Per-pitcher Binary Classifier Analysis as part of STA4241 Final Project
Clone the repository then move into the pitch-prediction directory
git clone https://github.com/ZackAllen1/pitch-prediction.git
cd ./pitch-predictionOpen the main.R file and load the necessary packages and helper files in lines 1-8. To properly install the baseballr package you may have to run the following code to install it off of GitHub instead of CRAN:
if (!requireNamespace('pacman', quietly = TRUE)){
install.packages('pacman')
}
pacman::p_load_current_gh("BillPetti/baseballr")Insert the names of the pitchers you wish to analyze as "FirstName LastName" elements in the pitcher_names list on Line 11. If you wish to analyze the original five pitchers (Justin Verlander, Zach Eflin, Clayton Kershaw, Blake Snell, and Shohei Ohtani), the proceeding Data Gathering section of code can be skipped since the datasets for those pitchers is already collected.
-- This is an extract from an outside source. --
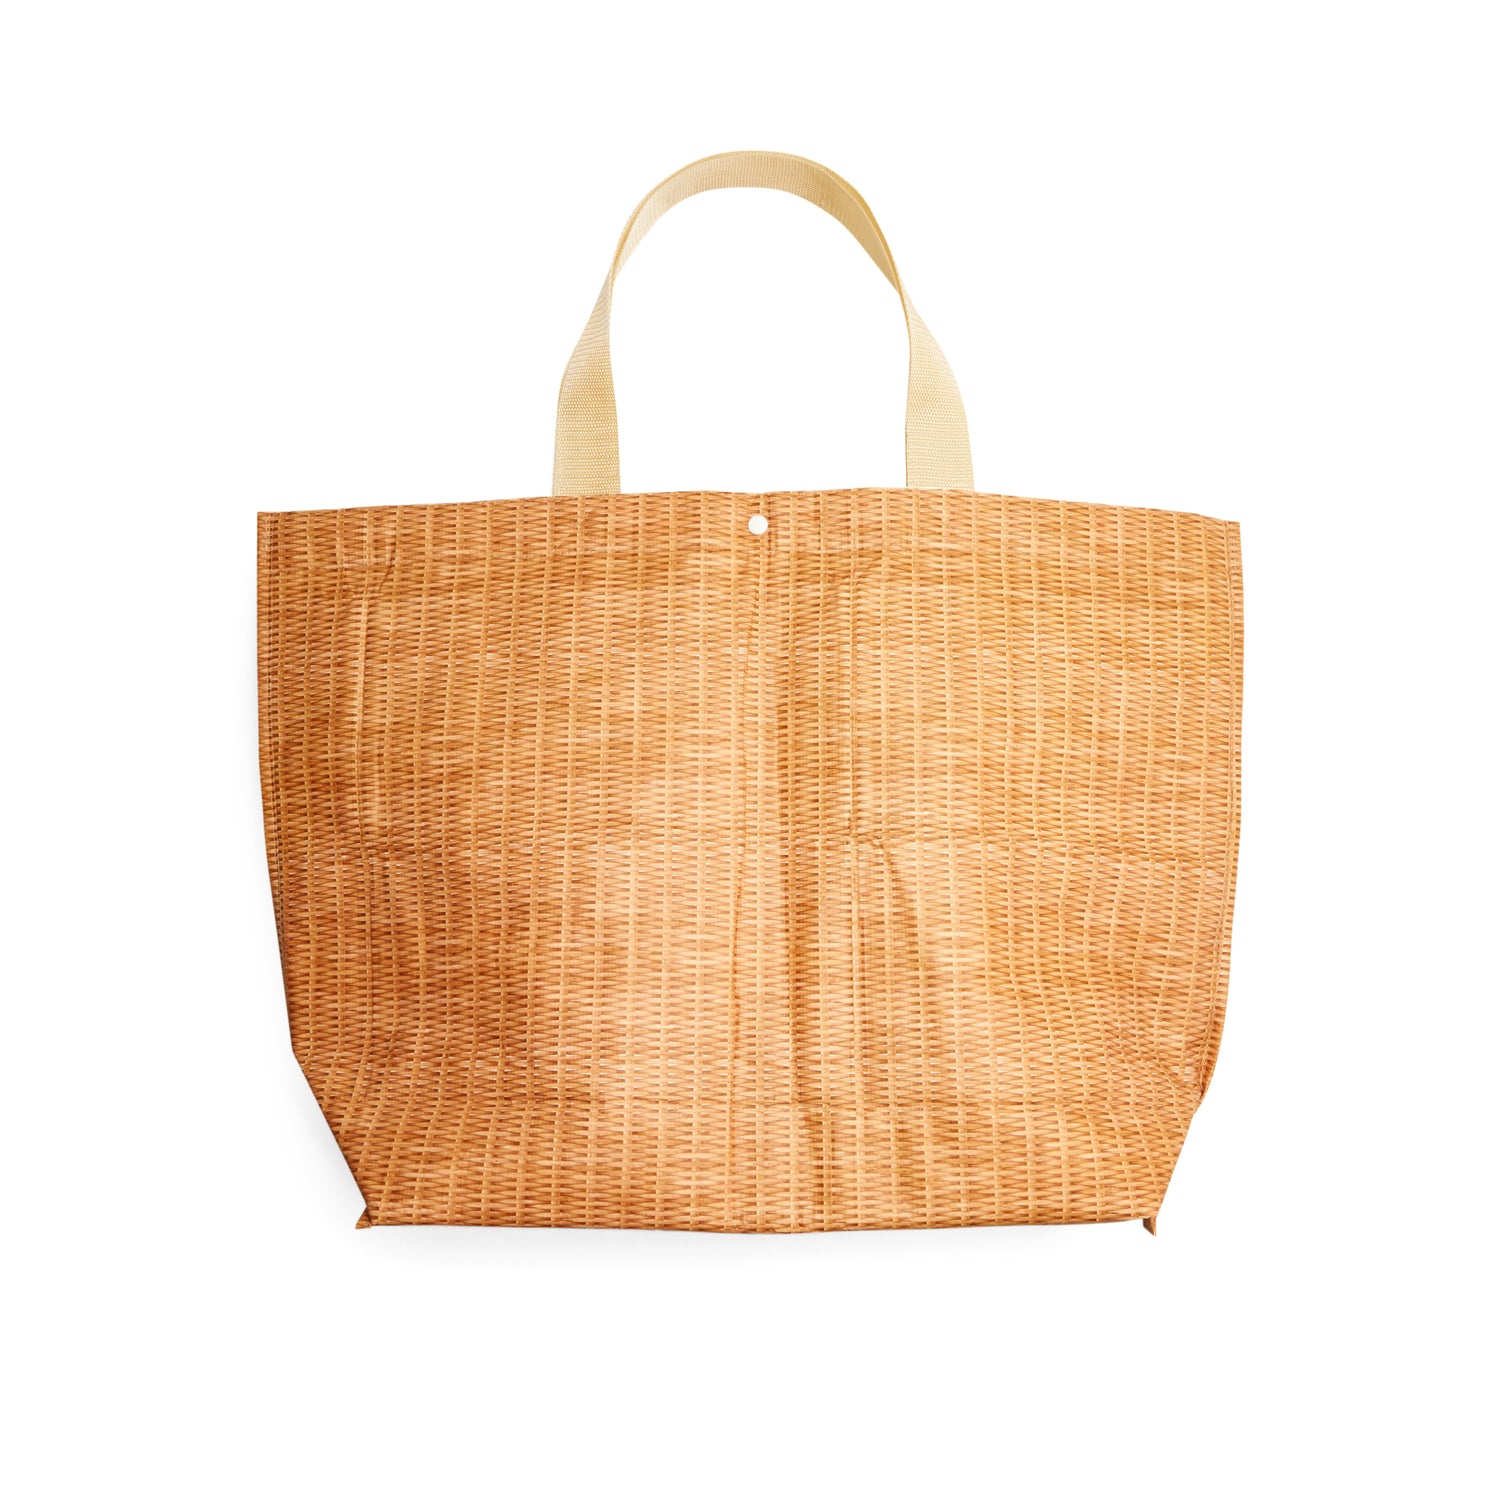 Huge Insulated Tote

In the Get Results section, finding the best hyperparameters for GBM using grid-search and 5-fold CV can take 20-30 minutes per pitcher. For the original five pitchers, the best hyperparameters found in the study have been saved in the best_gbm_params.csv file. To use these parameters instead of recalculating, set findBestGBM to FALSE on Line 36. Anytime a new pitcher has their hyperparameters calculated they will be automatically saved in best_gbm_params.csv so they do not have to be recalculated on future runs.
After running the Get Results section, all results will be saved in results.csv. Any plots or datasets generated will be saved in each pitcher's ./data/pitcherName/ directory.